• [Stored data]

"""

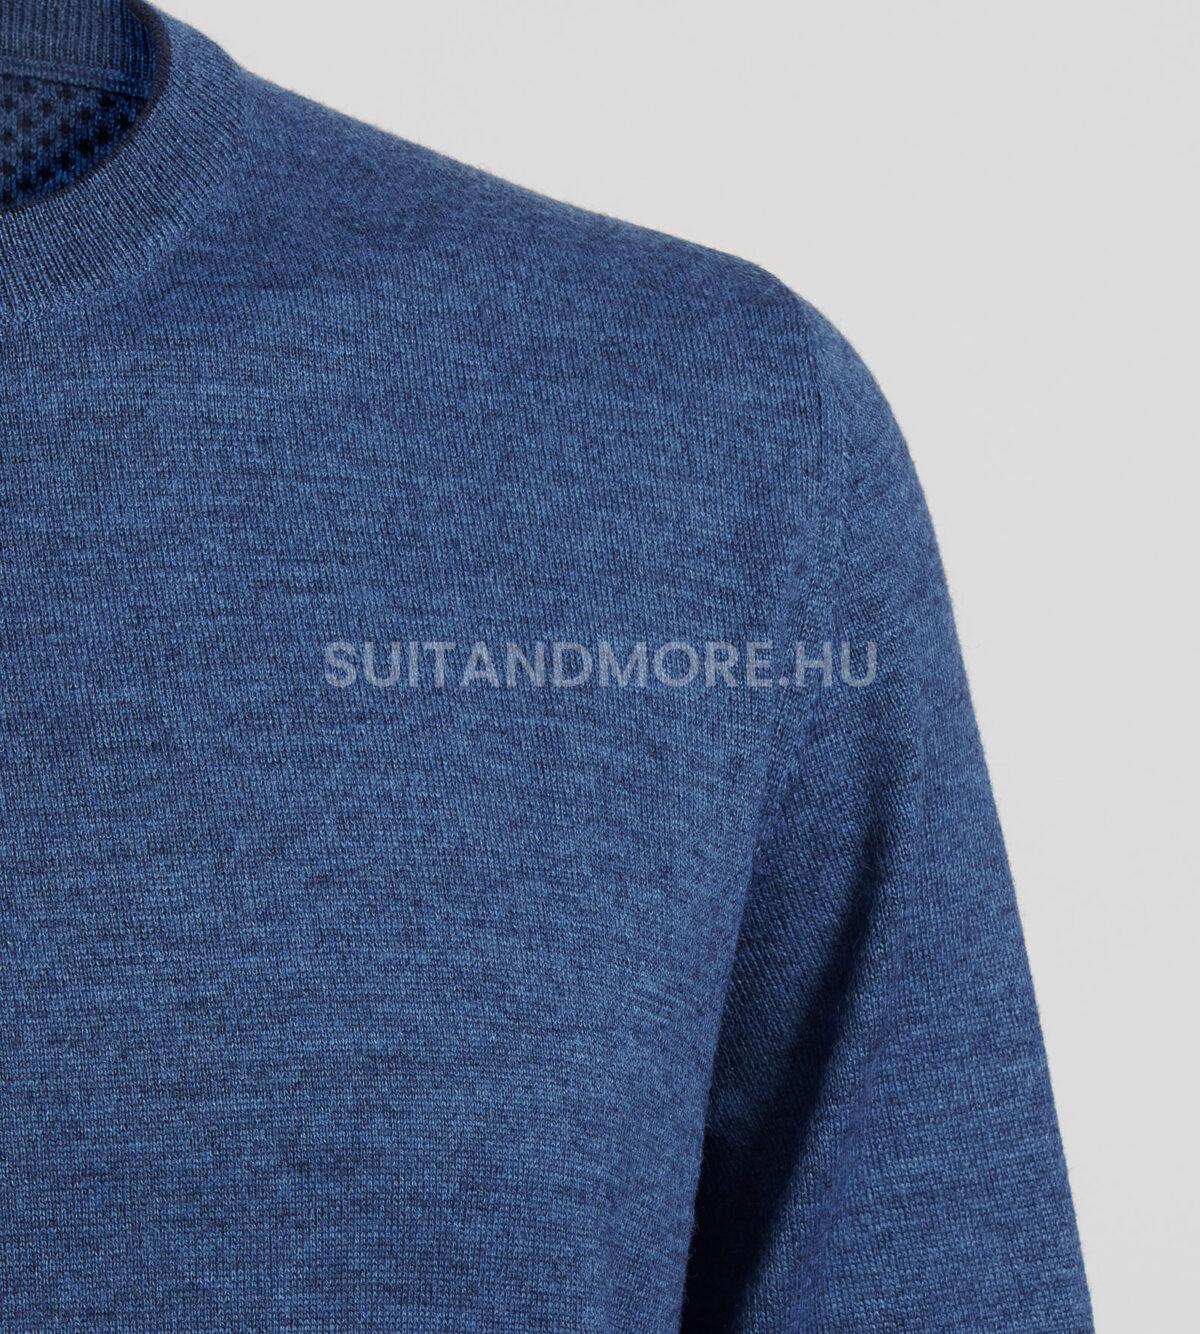 digel-kozepkek-modern-fit-kerek-nyaku-gyapju-pulover-faros1-1-1288009-22-02
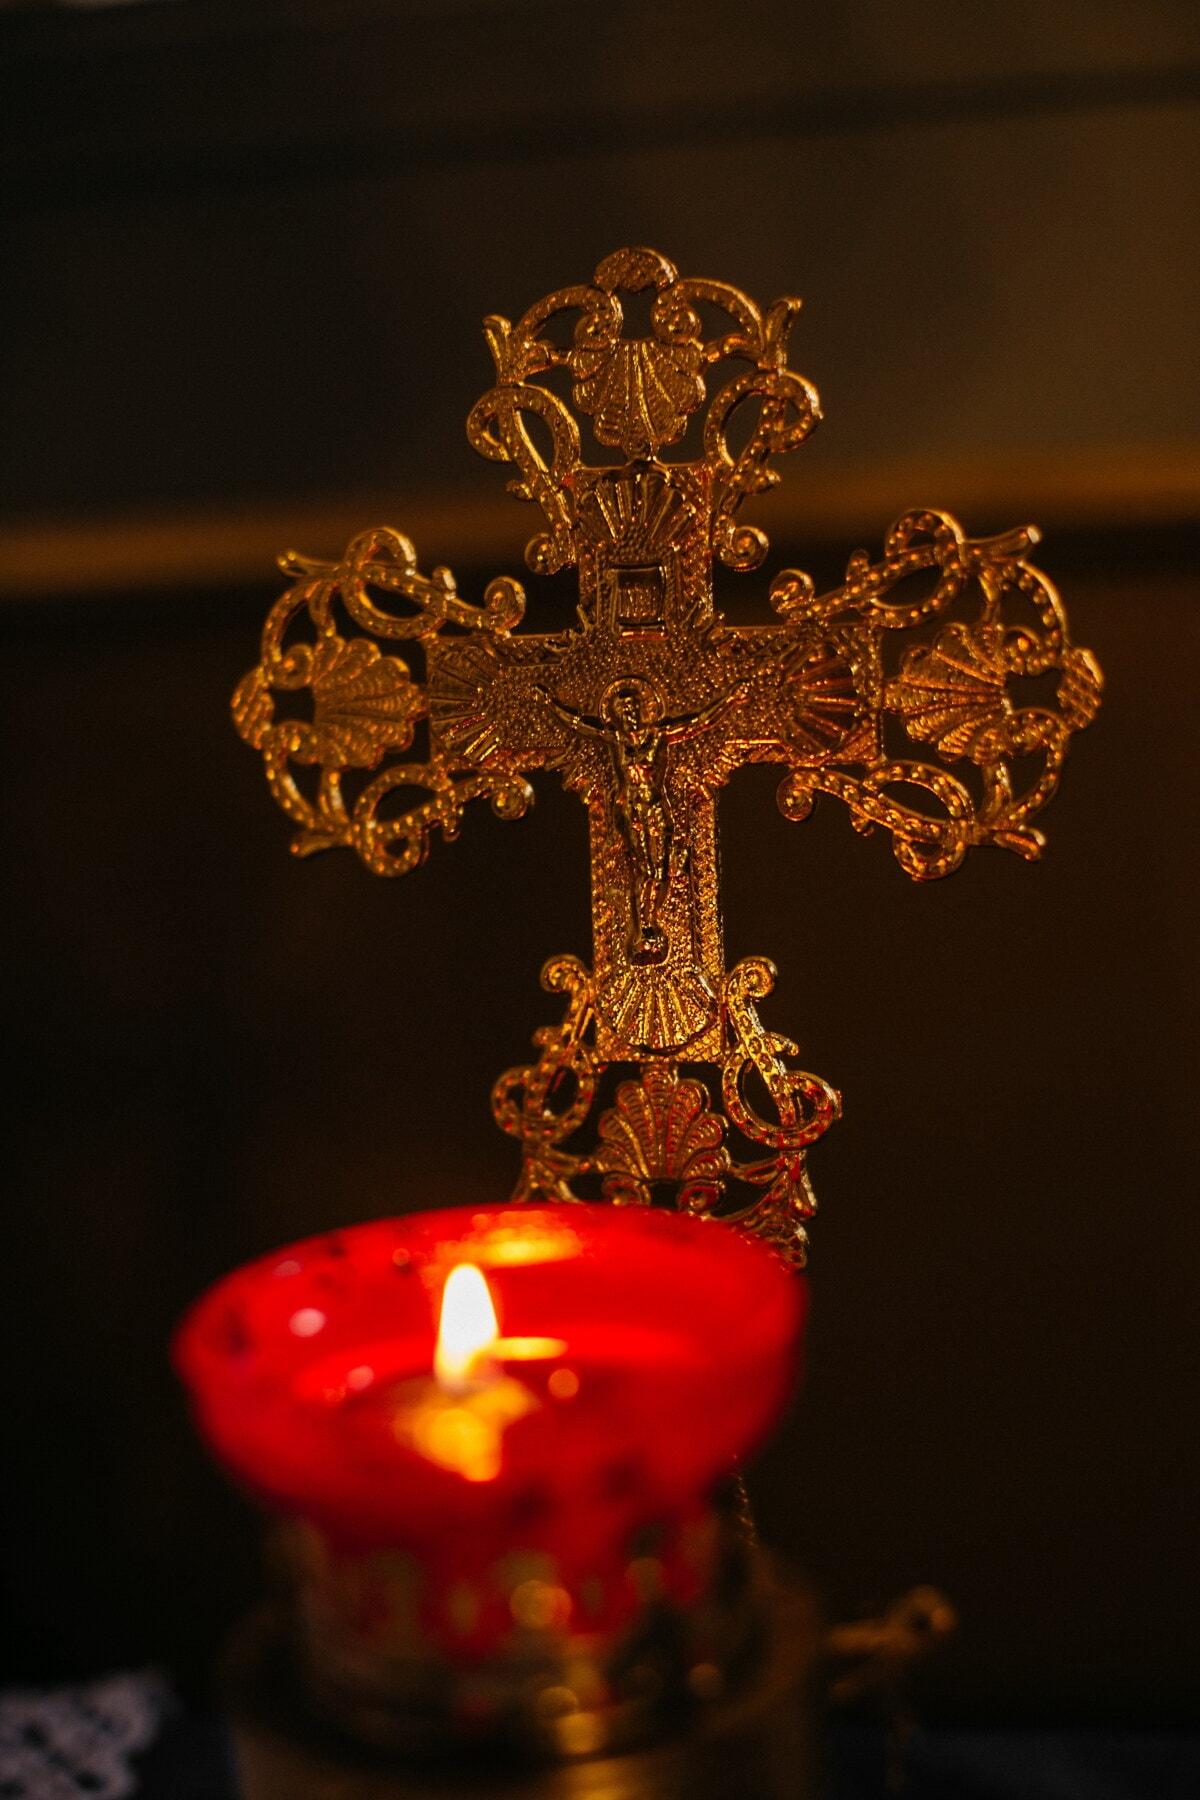 aux chandelles, bougie, Croix, religion, Christianisme, ténèbres, or, ombre, flamme, art
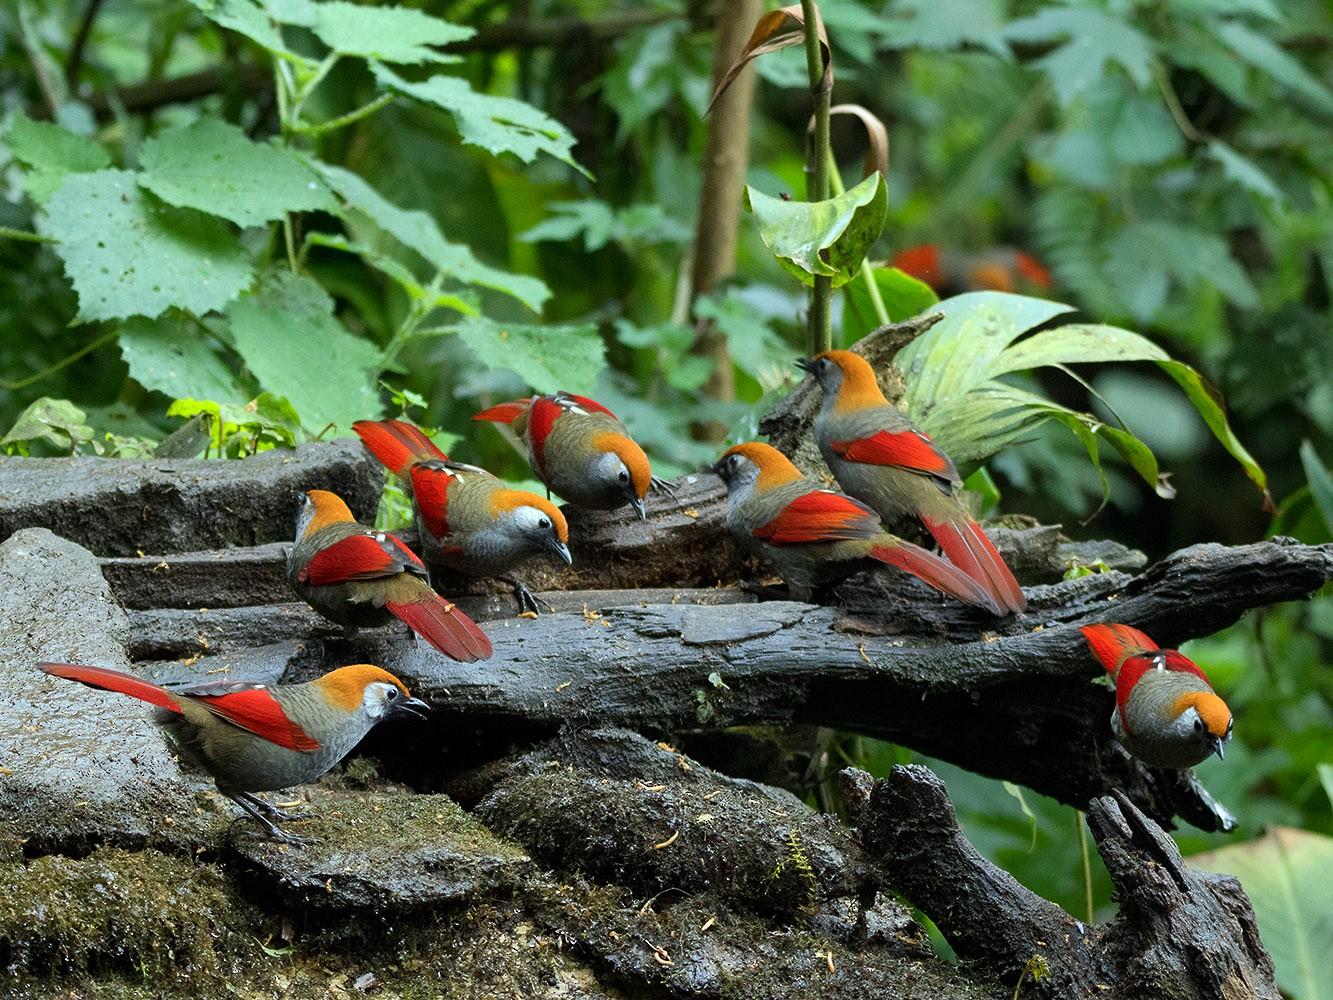 Red-tailed Laughingthrush - Ayuwat Jearwattanakanok
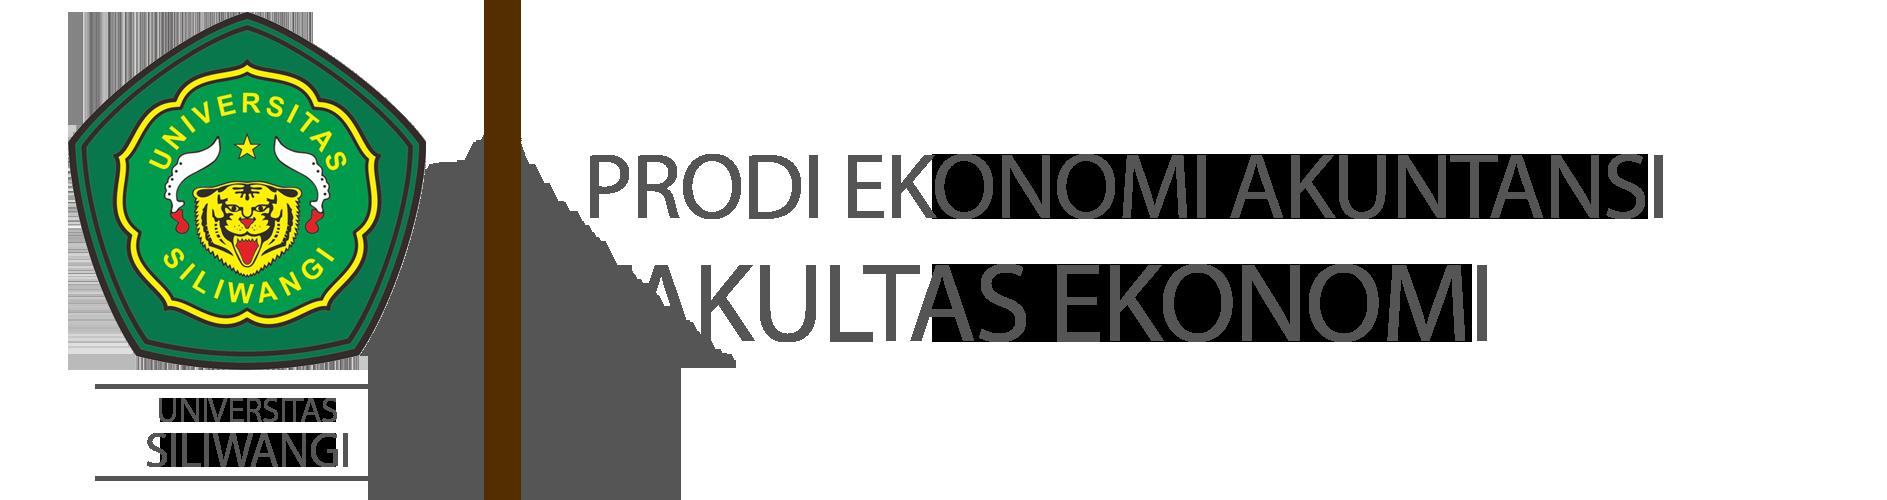 Kementerian Riset, Teknologi dan Pendidiakn Tingi | Prodi Akuntansi Universitas Siliwangi

"""

• [Problem details]
Set down the data above word for word, leaving every picture out.

• [Exercise solution]
 digel-kozepkek-modern-fit-kerek-nyaku-gyapju-pulover-faros1-1-1288009-22-02
 aux chandelles, bougie, Croix, religion, Christianisme, ténèbres, or, ombre, flamme, art
 Red-tailed Laughingthrush - Ayuwat Jearwattanakanok
 Kementerian Riset, Teknologi dan Pendidiakn Tingi | Prodi Akuntansi Universitas Siliwangi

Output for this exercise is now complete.